═════ GIVEN RECORDS

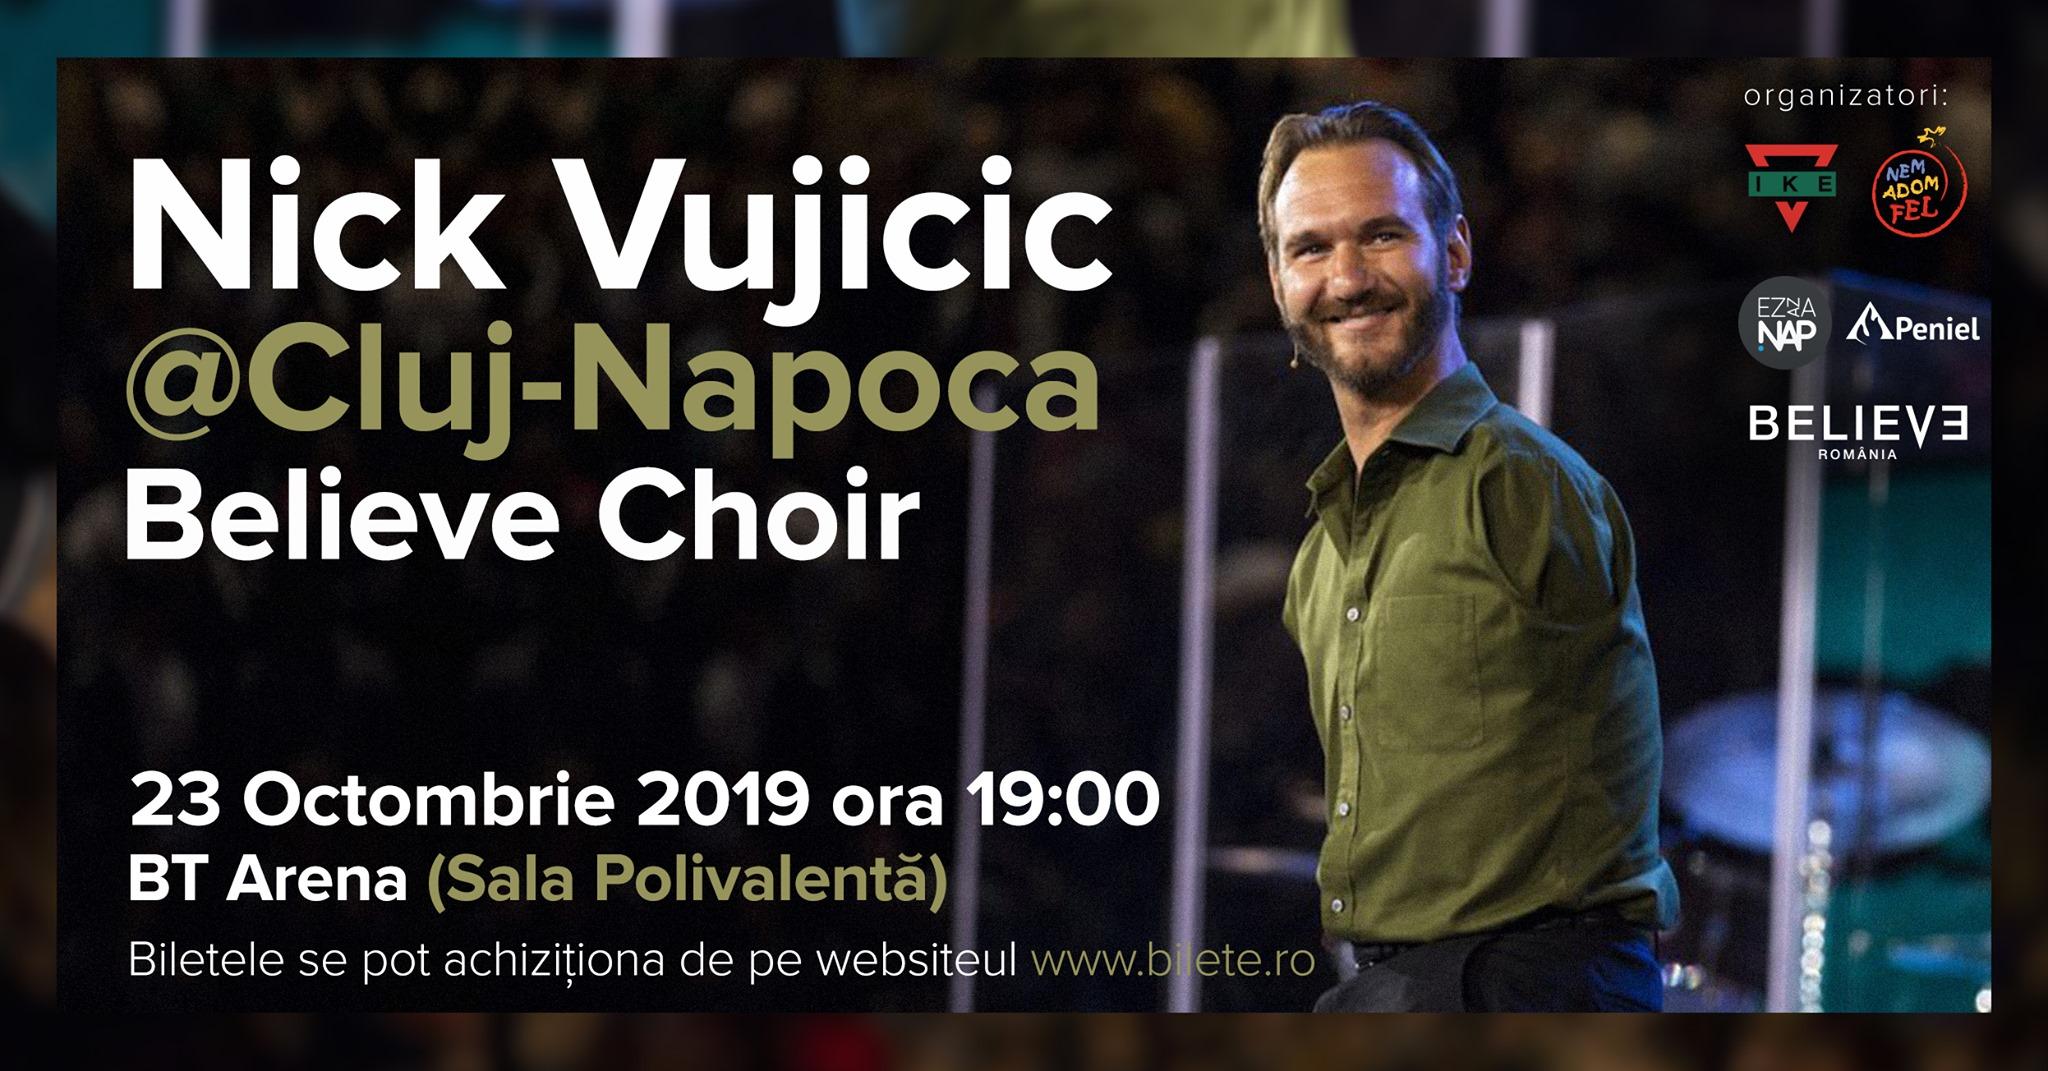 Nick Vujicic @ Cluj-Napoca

══════════
═════ GIVEN RECORDS

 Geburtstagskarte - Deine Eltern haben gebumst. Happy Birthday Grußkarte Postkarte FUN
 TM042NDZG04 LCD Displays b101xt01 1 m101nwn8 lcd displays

══════════

◆ EXERCISE OBJECTIVE ◆
Please return the lines above that run from the line containing "Geburtstagskarte - Deine" to the line containing "TM042NDZG04 LCD Displays", inclusive, exactly and with no other lines.

◆ PROBLEM SOLUTION ◆
 Geburtstagskarte - Deine Eltern haben gebumst. Happy Birthday Grußkarte Postkarte FUN
 TM042NDZG04 LCD Displays b101xt01 1 m101nwn8 lcd displays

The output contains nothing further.